Point 2: the abdominal core is tightened all the way, bend your knees and lift your left leg, pull your left elbow closer to your knee, and feel the lateral abdomen squeezing and tightening.
The following figure shows how to do abdominal muscle exercise:
1. Knee touch (2 groups X 15-20)
Point 1: Lie flat on the ground, knees and feet on the ground, and keep the lower limbs still.
Point 2: The abdomen exerts force to drive the head, shoulders, neck and upper back, lift it off the ground in the direction of legs, and pay attention to keeping the back always attached to the ground. Keep your arms straight and stretch forward along your knees.
2. Support leg extension (2 groups of X 15-20 times)
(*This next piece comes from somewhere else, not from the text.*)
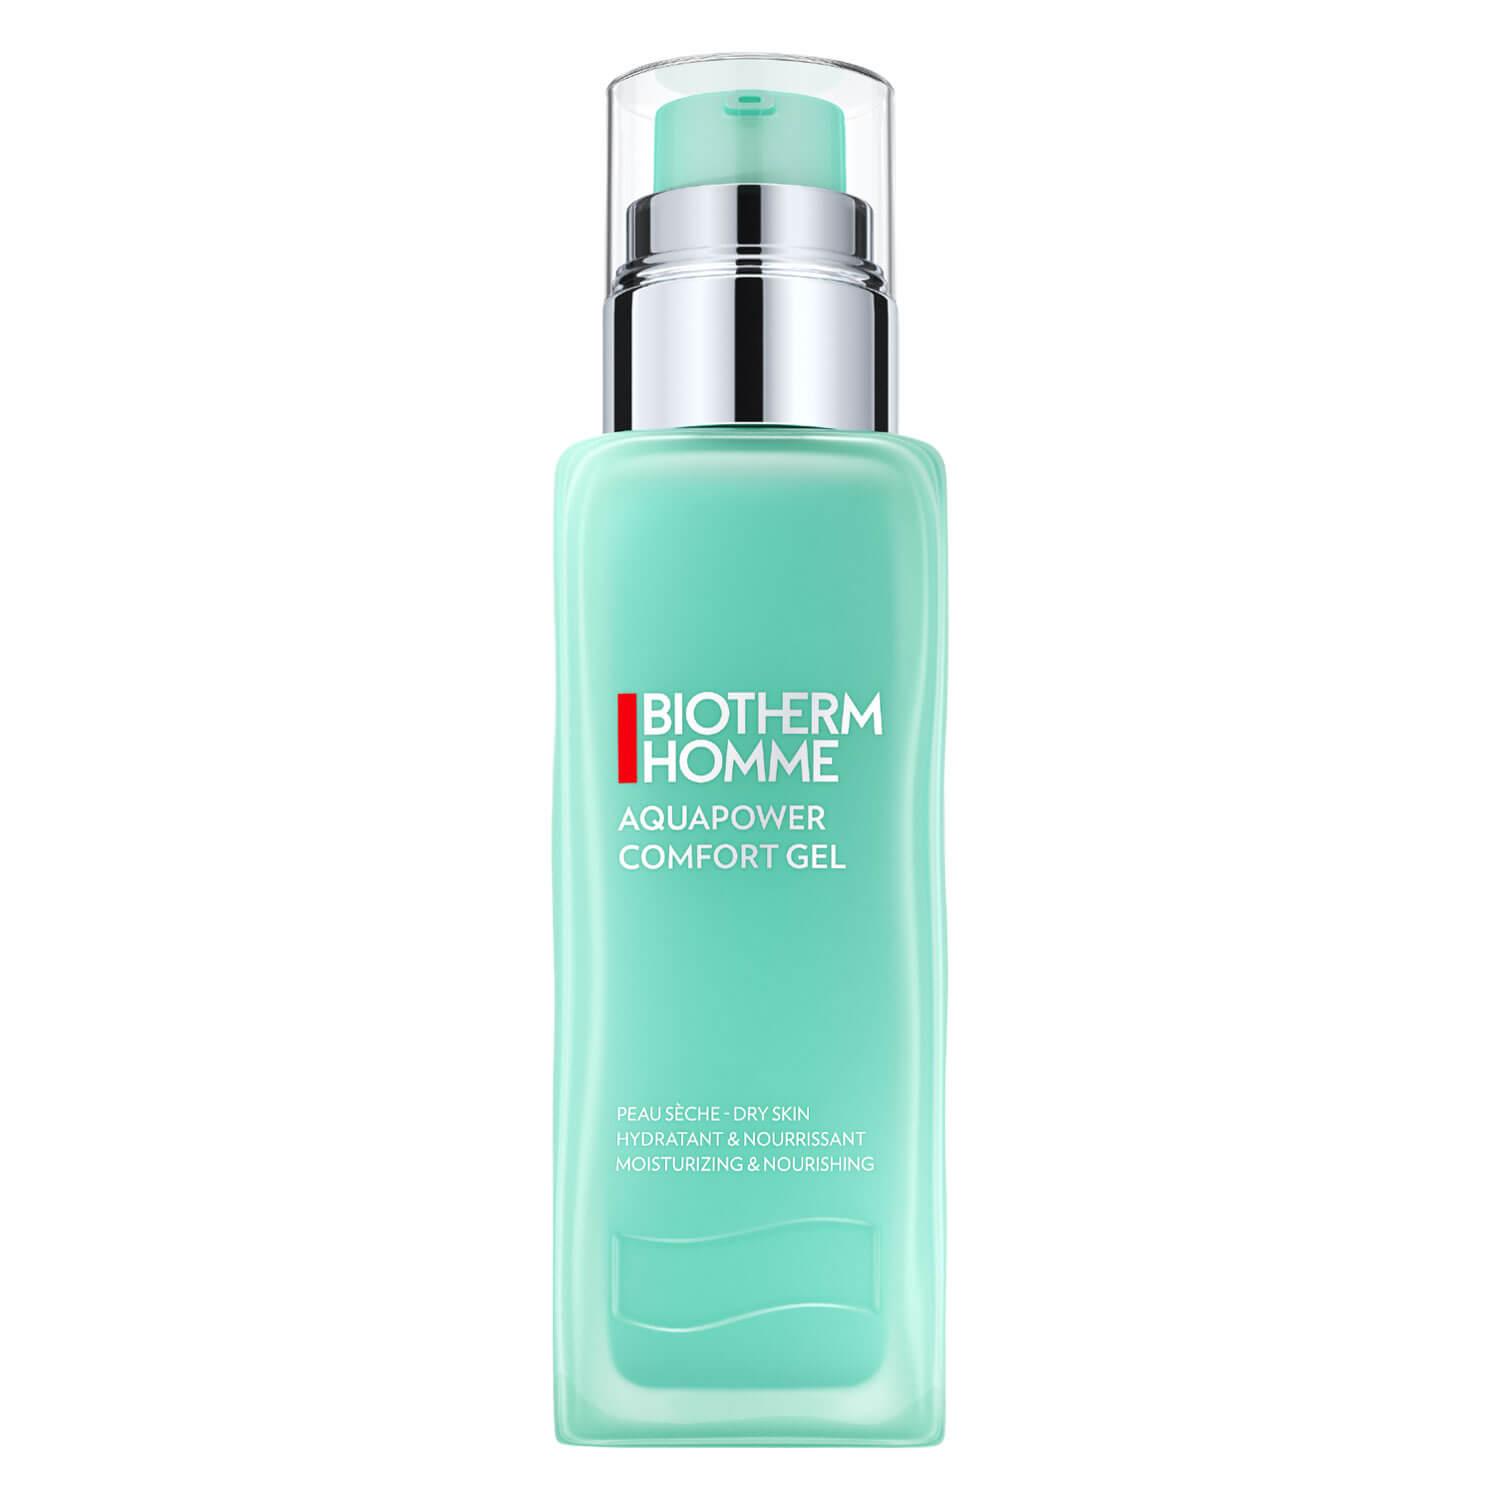 Biotherm Homme - Aquapower Comfort Gel Dry Skin

Point 1: Hips and forearms support the body, feet together stretch in the air, and the body leans back.
Point 2: Bend your knees, lift your legs toward your chest, tighten your abdominal core, and feel abdominal compression.
3, Russian twist (2 groups of X25-30 times)
Point 1: rotate the shoulder to drive the arm to move, and move the eyes with both hands.
Point 2: Turn your body to the limit, stop for one minute, and cycle alternately.
The third point: pay attention to rest when the abdominal muscles rest, and don't support the waist.
4, flat support (2 groups of X30-40 seconds)
Point 1: Keep the head-shoulder-back-hip-knee-ankle in a straight line.
Point 2: Try your best to tighten the waist and abdomen core, and rest the abdominal muscles when resting. Don't lend them money.
Finally, talk about diet: two highs (high fiber and high protein) and two lows (low carbon water and low fat). High-carbohydrate foods such as rice and noodles are digested quickly and should be avoided because they are easily converted into fat. If you need to supplement carbohydrates, you can change to slow-digesting carbohydrates such as sweet potatoes and oats. Low-fat meat can try to choose fish, seafood and beef. You can eat more vegetables at the same time.